Archive for April, 2008

Réunion annuelle de l’AELAC 2008

Sunday, April 27th, 2008

The program for this year’s réunion annuelle de l’AELAC (Association pour l’étude de la littérature apocryphe chrétienne) taking place June 26-28 has been posted on the association’s web site. You can access it HERE.

Jeffery vs. Brown on Secret Mark

Sunday, April 27th, 2008

Ahh…more scholarly thrust and parry over Secret Mark. This week, Peter Jeffery (author of The Secret Gospel of Mark Unveiled) responds to the lengthy review of his book by Scott Brown (available HERE). You can access Jeffery's response HERE and for Jeffery's own running compilation of discussions of Secret Mark, go HERE.

Pantuck and Brown vs. Carlson on Secret Mark

Monday, April 21st, 2008

Allan Pantuck passed along to me an article he wrote with Scott Brown challenging one of the claims made by Stephen Carlson in support of his position that Secret Mark is a hoax perpetrated by Morton Smith. Brown, long a supporter of the authenticity of the text, has chipped away at several of Carlson’s claims now, and this one is quite devestating to Carlson’s argument. Here is the abstract for the article: 

Allan J. Pantuck and Scott G. Brown, “Morton Smith as M. Madiotes: Stephen Carlson’s Attribution of Secret Mark to a Bald Swindler,” Journal for the Study of the Historical Jesus 6 (2008): 106-125.

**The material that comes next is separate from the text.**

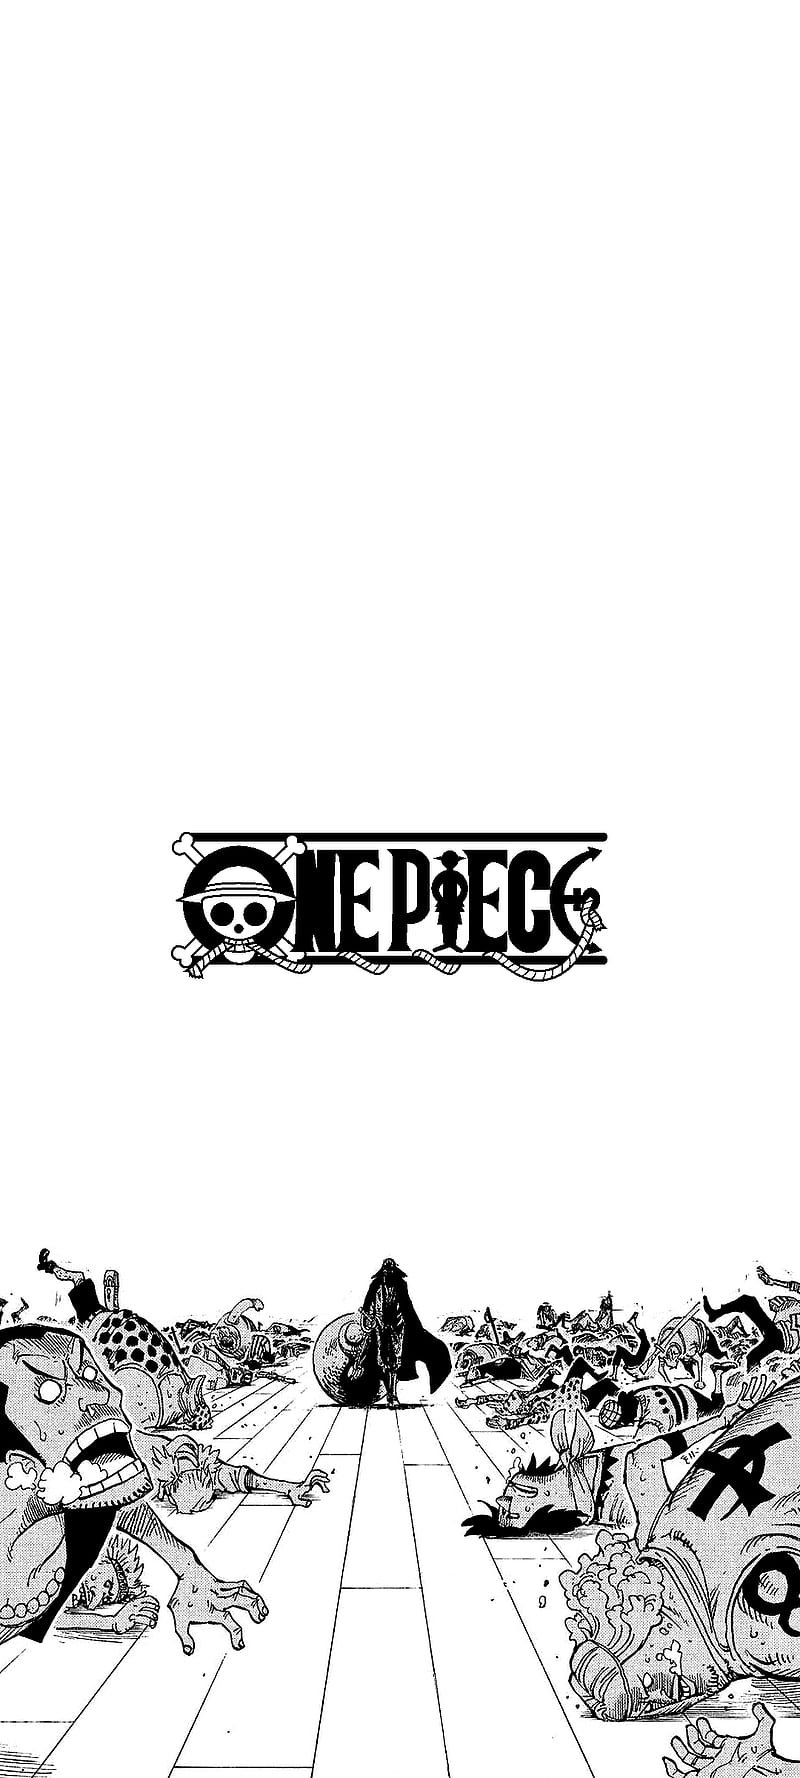 Is this true i found it on twitter : r/OnePiece

In 1960, Morton Smith announced that he had discovered in the Mar Saba monastery tower library a fragment of a previously unknown letter of Clement of Alexandria containing excerpts from a longer version of the Gospel of Mark that Smith called the ‘Secret Gospel of Mark’. Controversial since its publication in 1973, this discovery has recently been criticized in print as both an academic hoax and a malicious forgery. This paper uses newly discovered manuscript photographs and archived documents to refute a claim found in Stephen C. Carlson’s The Gospel Hoax, namely that Smith invented a pseudomymous twentieth-centuty individual named ‘M. Madiotes’ as an elaborate and deliberate clue that he himself had forged the letter of Clement.

Another Judas Apocryphon?

Sunday, April 20th, 2008

While researching Syriac manuscripts for the Infancy Gospel of Thomas I came across a reference in a manuscript catalogue (W. Wright and S. A. Cook, A Catalogue of the Syriac Manuscripts preserved in the Library of the University of Cambridge, 2 vol. Cambridge: University Press, 1901) to a text called “History of the silver which Judas received from the Jews as the price of our Lord Jesus Christ.” I have never heard of this text before and thought I’d ask here if anyone knows anything about it.

The manuscript is Cambridge Add. 2881. It is dated 1484 and comes from Damascus. It is written in Garshuni (i.e., Arabic in Syriac letters) with some portions in Arabic, but not the Judas text. The Judas text runs from f. 136b-138b. Also included here are several other apocryphal texts: Acts of Thomas (f. 53b), The Testament of our Lord Jesus Christ to his Disciples on the Mount of Olives (f. 103b), the Abgar Correspondence (f. 158b), The Relation of Pontius Pilate regarding the dealings of the Jews with our Lord, written in the year 18 of the reign of the Emperor Tiberius (f. 160a), and History of the Decease of the Virgin Mary (f. 223a).

Bruce Chilton Reconsiders Pagels’ Gnostic Gospels

Thursday, April 3rd, 2008

Bruce Chilton, a prominent Historical Jesus scholar, has contributed a piece on Elaine Pagels' groundbreaking book The Gnostic Gospels for the New York Sun (HERE). Thanks to Jim Davila at Paleojudaica for pointing this out.